2. Sample size used for the test set and the data provenance: Not applicable. No "test set" in the sense of a clinical or technical study proving a performance metric was conducted within the scope described in this 510(k). The equivalence argument relies on comparison to known predicate devices.

3. Number of experts used to establish the ground truth for the test set and the qualifications of those experts (e.g., radiologist with 10 years of experience): Not applicable. No such "ground truth" establishment for performance metrics is described in this 510(k). The regulatory body (FDA) reviews the equivalence argument presented by the manufacturer.

4. Adjudication method (e.g., 2+1, 3+1, none) for the test set: Not applicable. No test set requiring expert adjudication is described.

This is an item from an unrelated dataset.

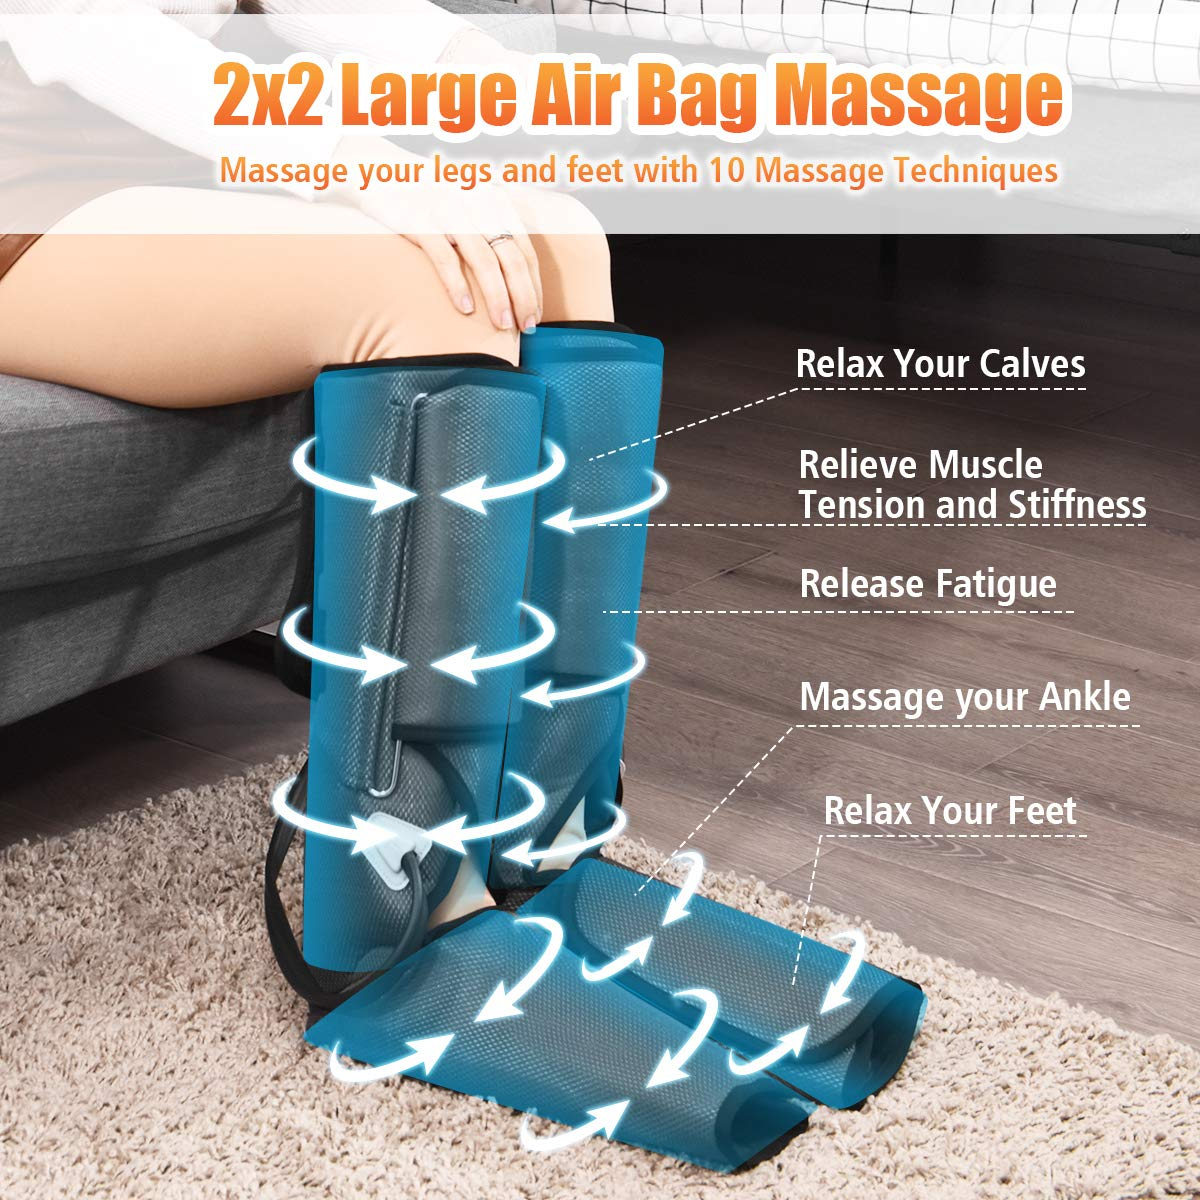 Giantex Air Compression Leg Massager Wraps Foot and Calf Massage with Handheld Controller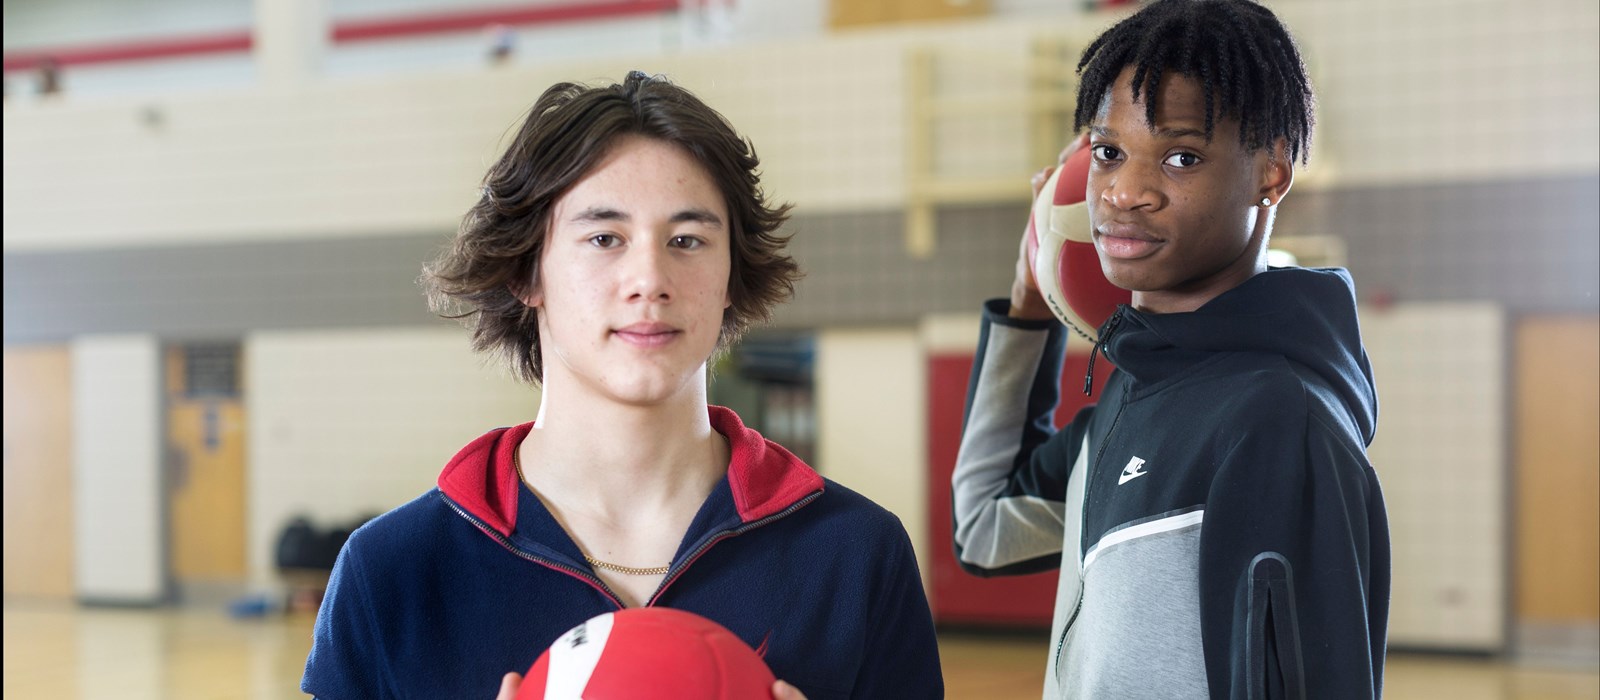 Two students holding volleyballs

5. If a multi-reader multi-case (MRMC) comparative effectiveness study was done, If so, what was the effect size of how much human readers improve with AI vs without AI assistance: Not applicable. This device is a physical medical instrument, not an AI-assisted diagnostic tool.

6. If a standalone (i.e. algorithm only without human-in-the-loop performance) was done: Not applicable. This is not an algorithm or software device.

7. The type of ground truth used (expert consensus, pathology, outcomes data, etc.): Not applicable in the context of performance metrics for this 510(k). The "ground truth" for clearance is the regulatory determination of "substantial equivalence" based on comparison to existing predicate devices whose safety and efficacy have already been established through their own regulatory pathways or market history.

8. The sample size for the training set: Not applicable. There is no "training set" as this is a physical device and not an AI/ML model being developed.

9. How the ground truth for the training set was established: Not applicable for the reasons stated above.

In summary, the provided document is a regulatory submission for premarket clearance via the 510(k) pathway for a non-software medical device. It focuses on demonstrating "substantial equivalence" rather than presenting detailed clinical trial results or performance studies with specific acceptance criteria in the way one might expect for a novel drug or a high-risk AI diagnostic device.